My postdoctoral contract is being extended another 7 months, which seems like good news. Coz that lets me stay here in the same lab for some time while I look for a new postdoctoral job. I am grateful that at least I have this job, while some of my friends are yet to find one because of funding issues or have had to leave one because of visa issues. So far, I face neither. I accepted the offer and then I found out that the salary I was being offered was less than even the minimum stated by the NIH. And that, when I was eligible for more than the minimum because at the start of my reappointment, I will have 2 years of experience. But no, I am being offered less than the minimum given to someone with 0 years of postdoctoral experience.

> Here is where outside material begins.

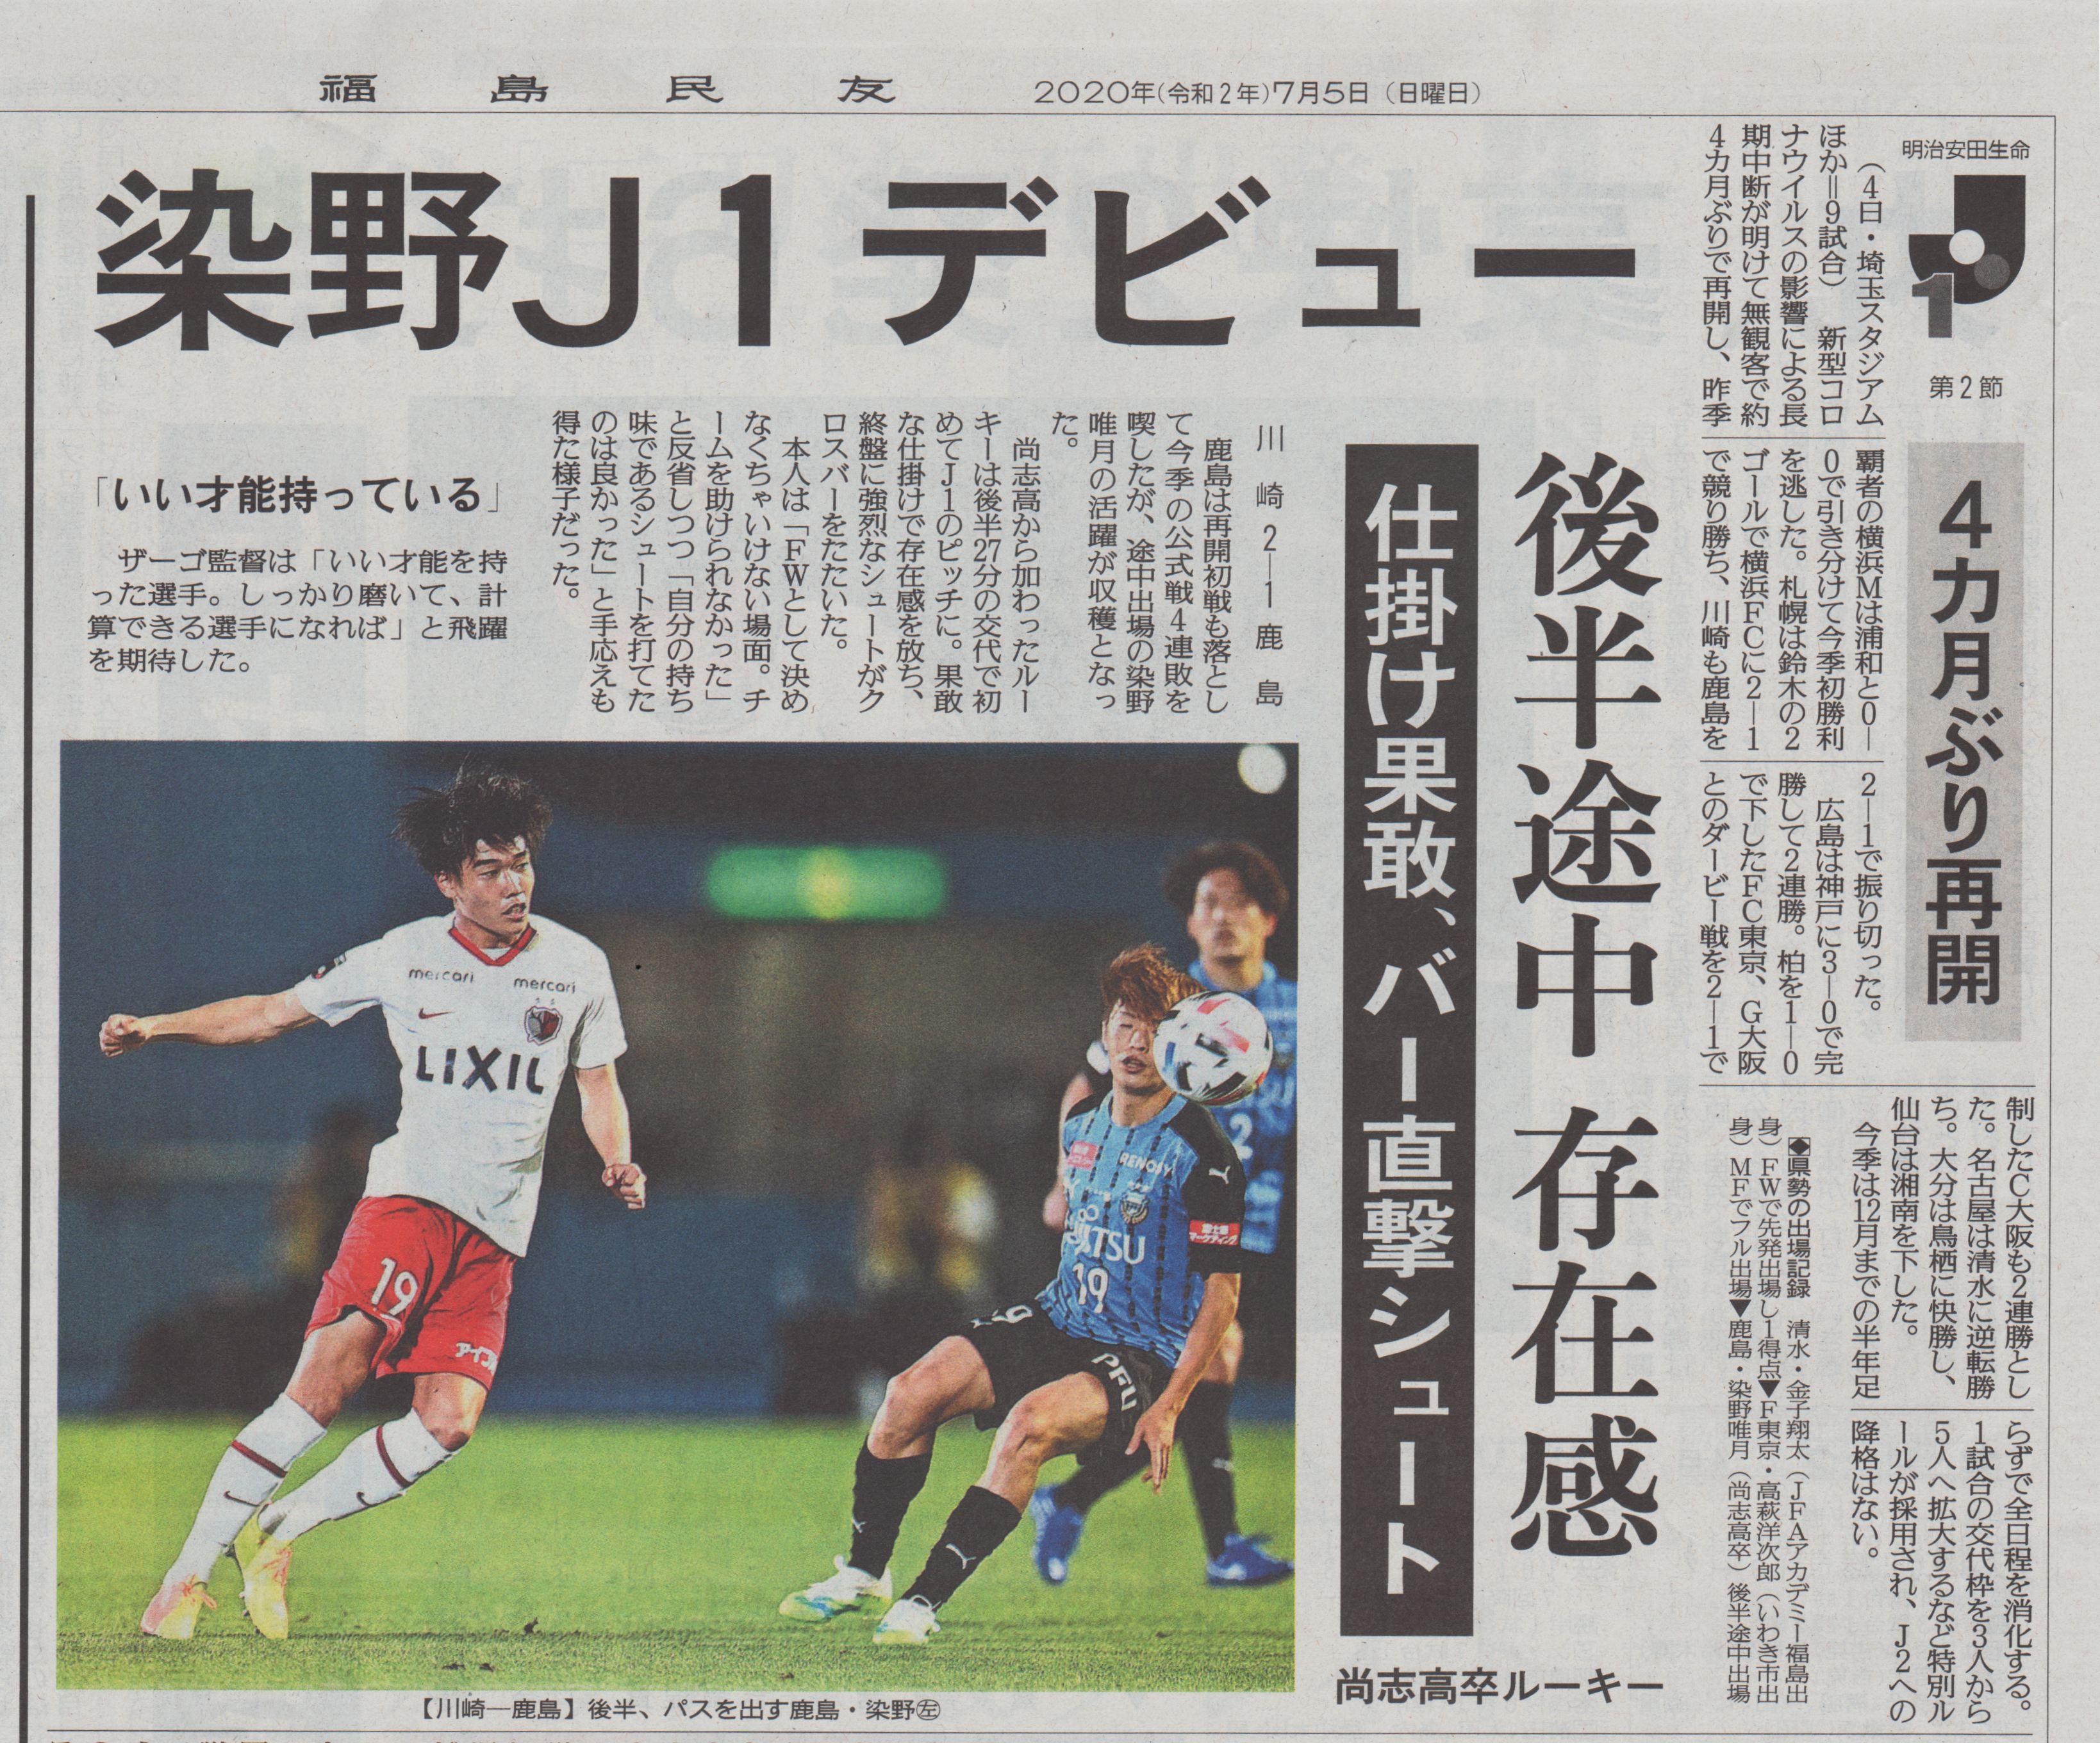 http://www2.shoshi.ed.jp/club/2020.06.05_minyu.jpg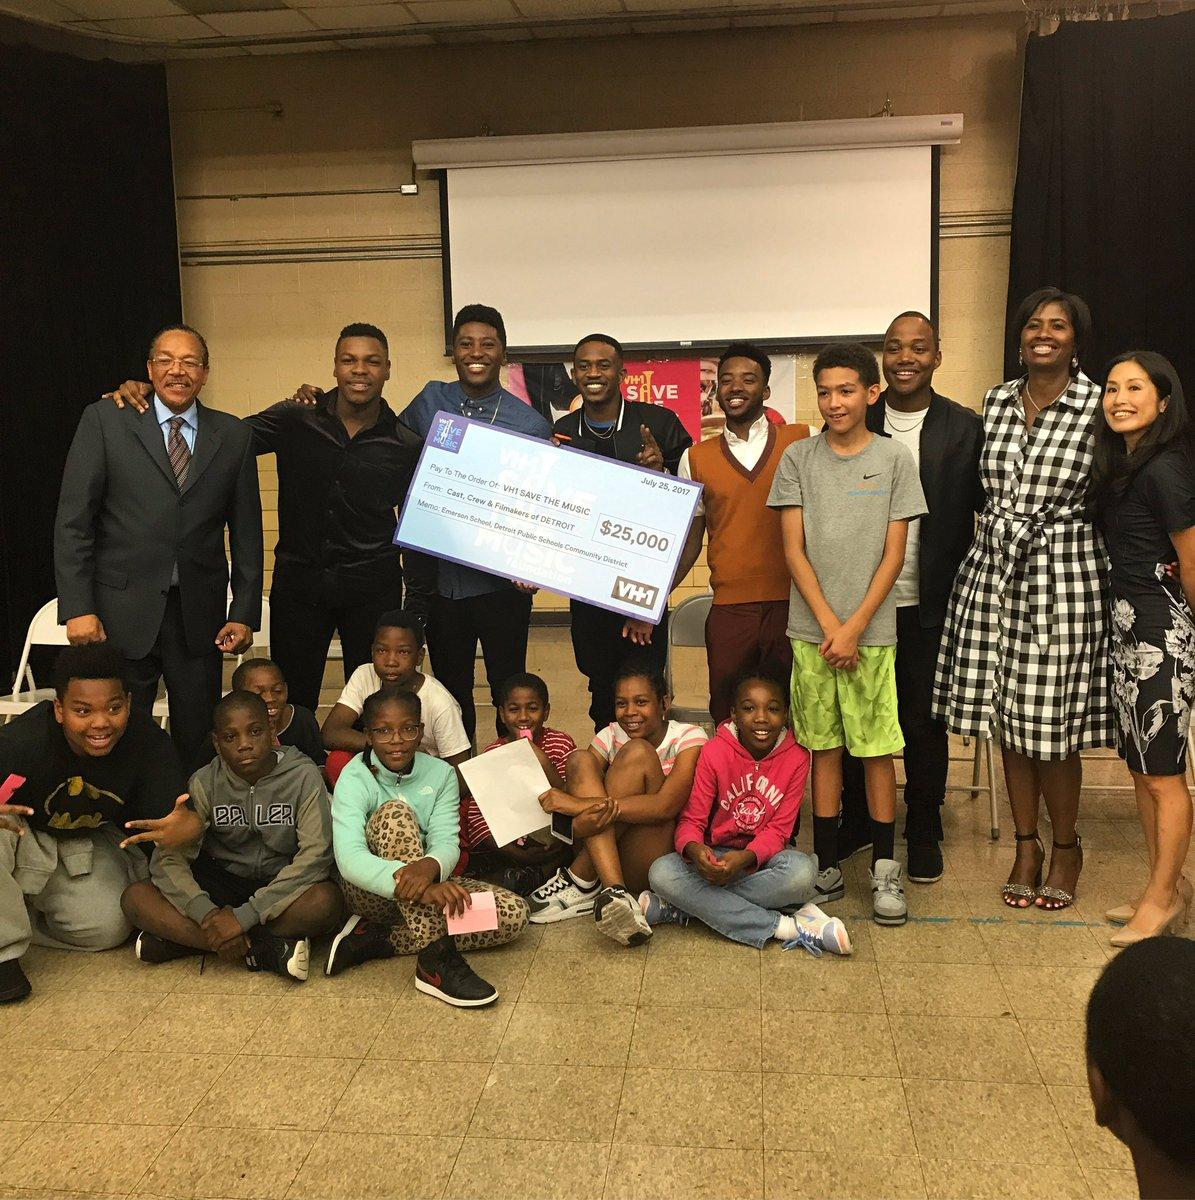 Thank you Emerson Elementary and @VH1SaveTheMusic! #DETROITmovie https...

I hate this systemic exploitation. I know I don’t have another job lined up right now. But, this only motivates me to leave this place sooner. How can someone be given so little when so much is demanded from them?
Sometimes I think why I even did a PhD when I don’t even get valued for it! I do love research, but hey, if your boss does not even acknowledge your years of experience, then it is sheer disrespect to yourself. Postdocs are the rare breed that are at that stage in their lives when they want to have a stable life. But, we are over-worked and underpaid to the extent that we have no personal life left and are working even on weekends. I want to move out of this misery. I want to be free, free to work with people who value my contribution, free to have a life and free to be stable and live my life the way I want with no guilt hovering over me when I don’t work in weekends.
My personal goals would then be to:
- Get a new job with better pay where I am valued.
- Find out all the J visa loopholes and rules and regulations and get the waiver in a timely manner.
- Explore options in industry.
- Finally settle down with my boyfriend and stop this horrible long-distance that we’ve been having for almost 3 years now.